Print nothing except the line holding "[lokaal?] M&M's choco" and the lines that come after it in the material below, and leave the pictures out.

Source data —
________

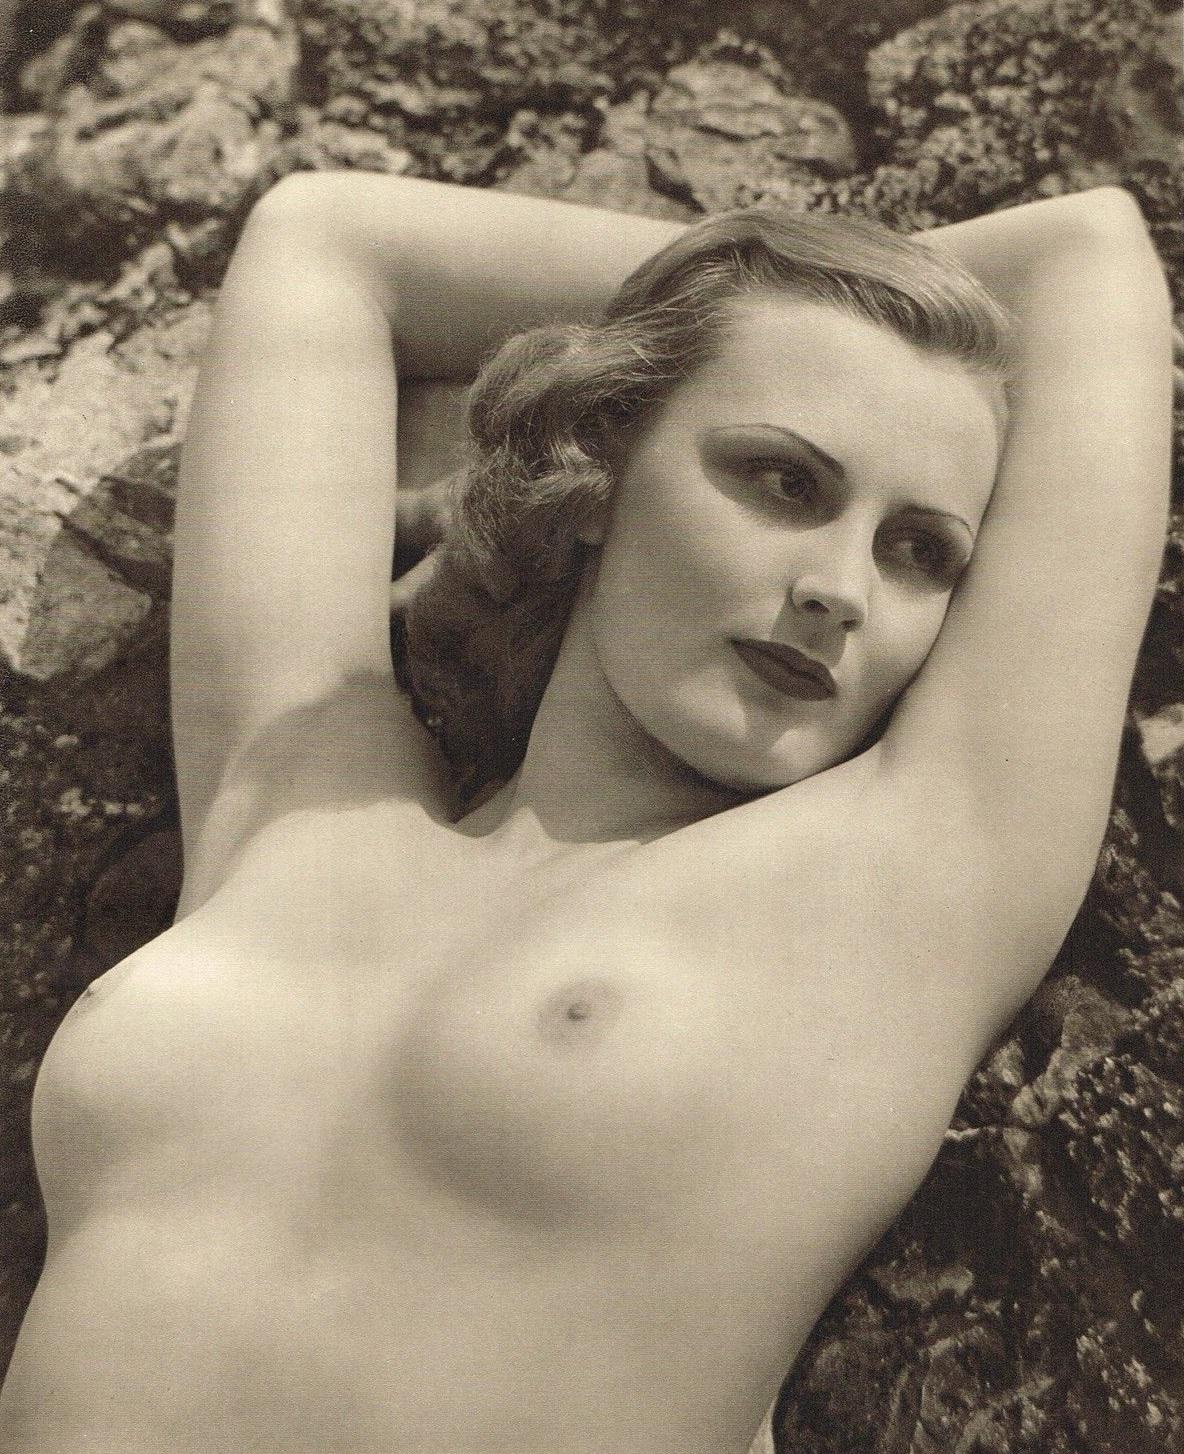 John Everard -Study of Nude (Nude Lady on Rocks) photogravure 1940
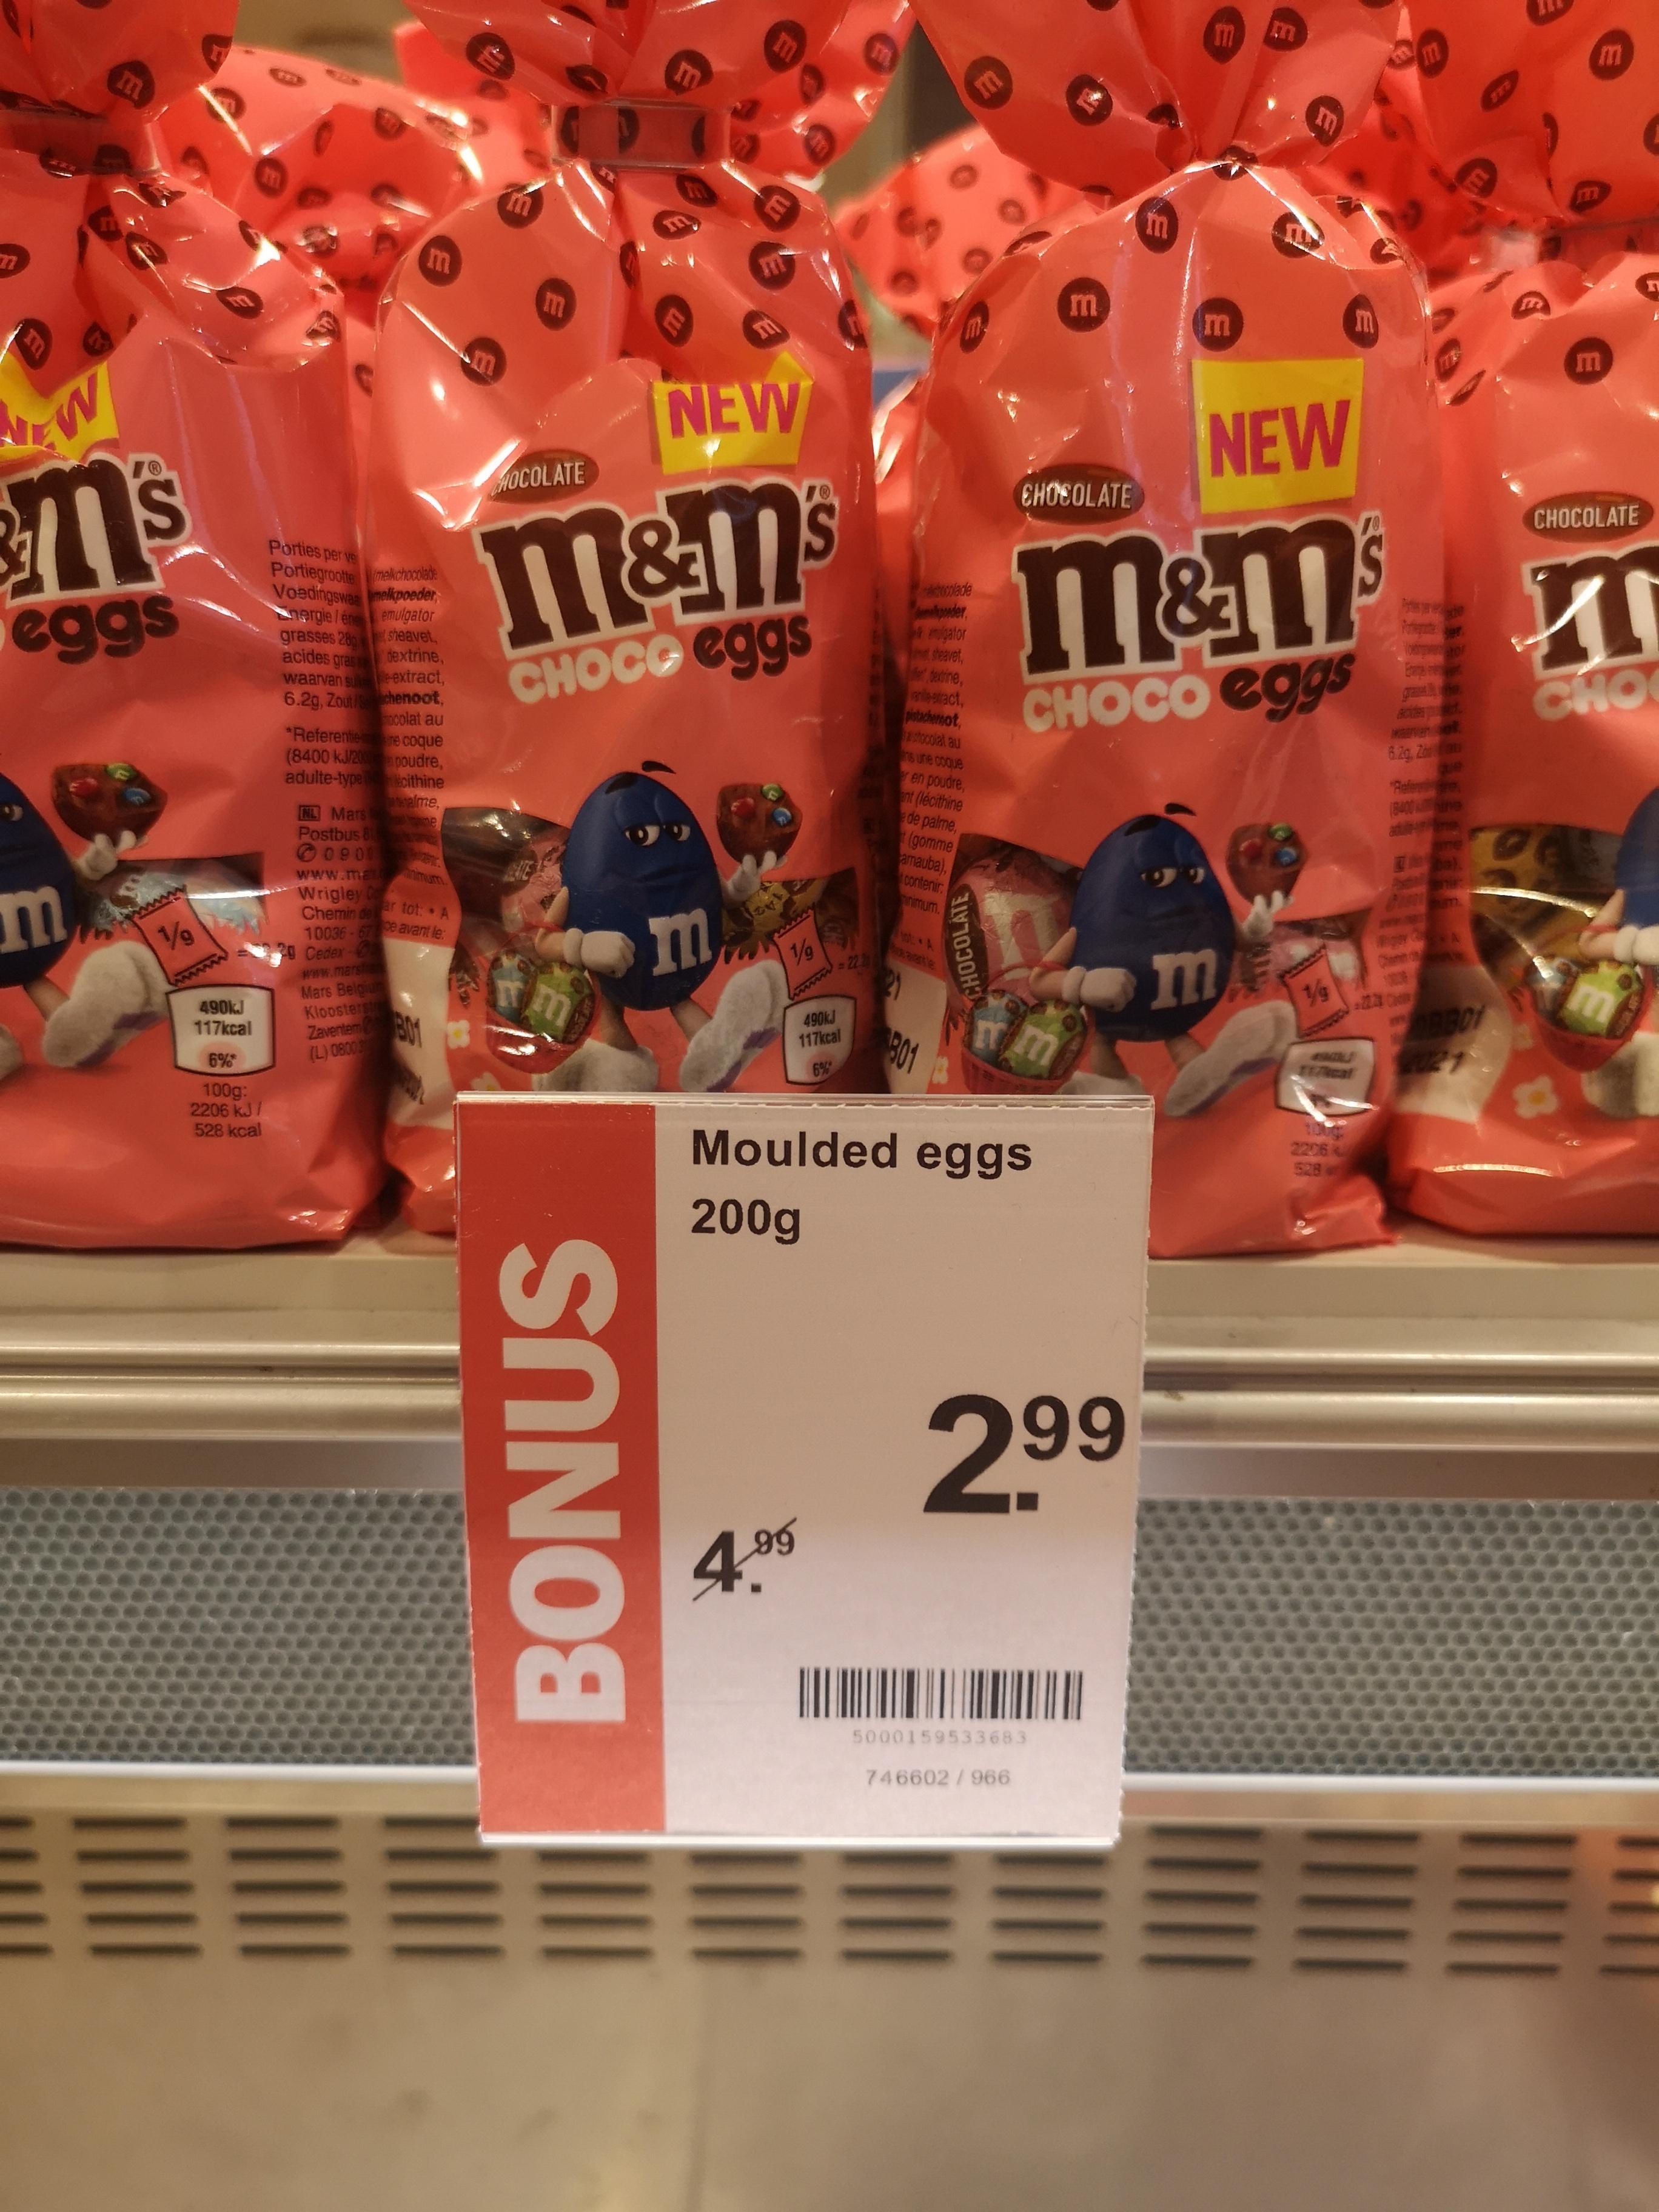 [lokaal?] M&M's choco eggs 40% korting @ Albert Heijn To Go
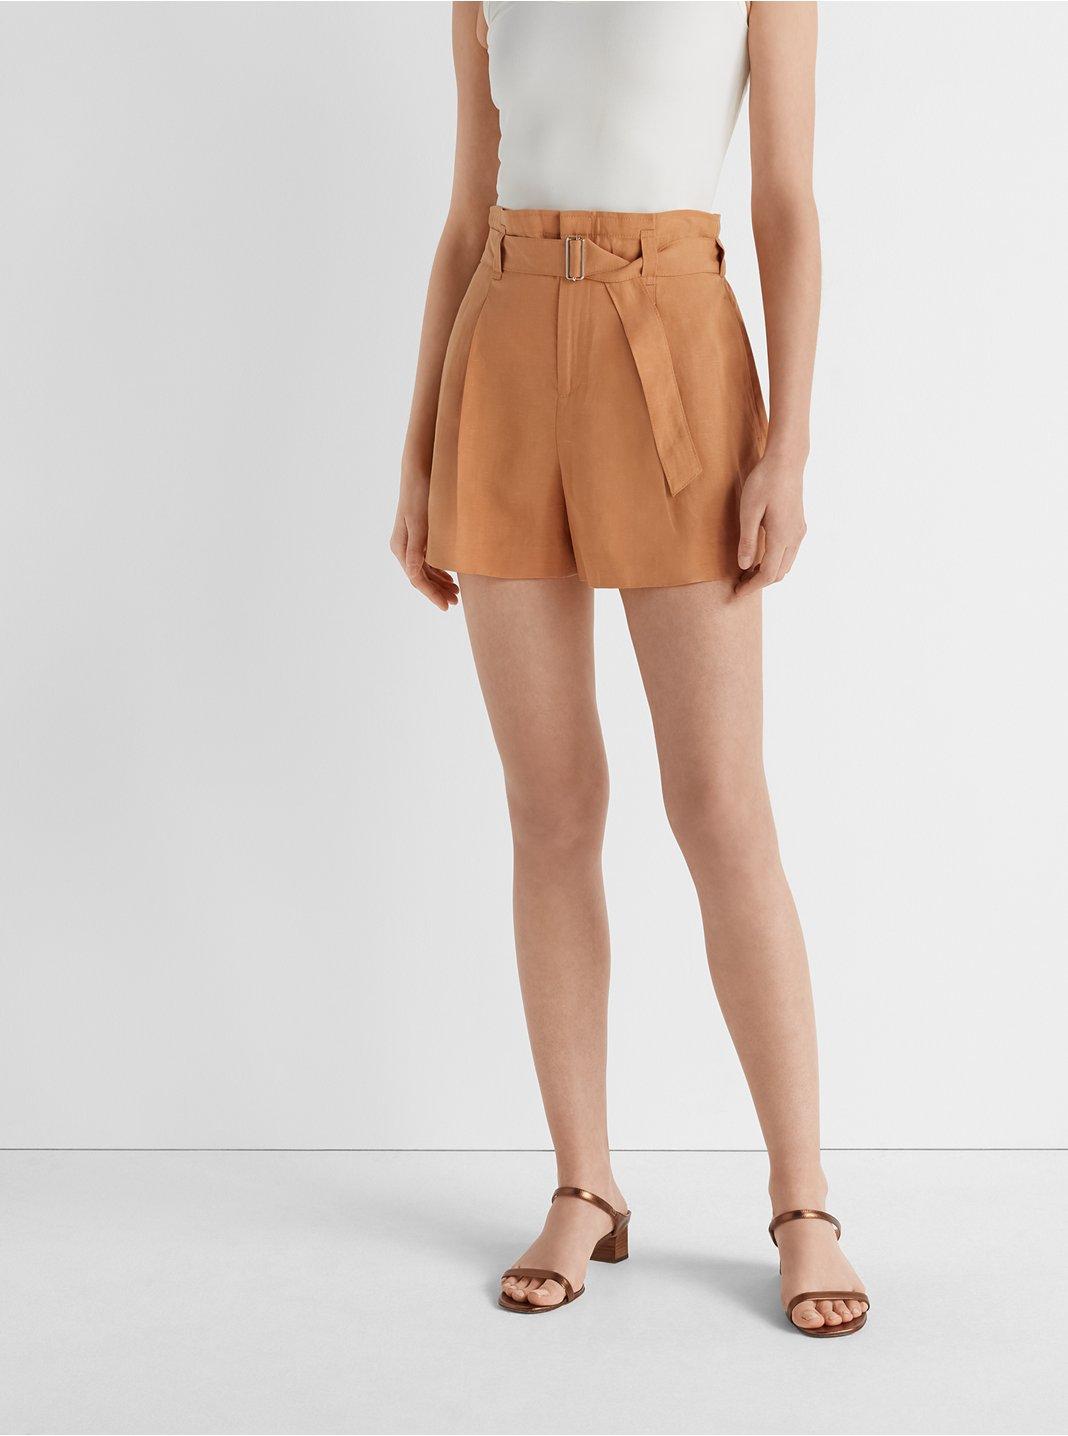 Darcee Shorts

________

Response below —
 [lokaal?] M&M's choco eggs 40% korting @ Albert Heijn To Go
 Darcee Shorts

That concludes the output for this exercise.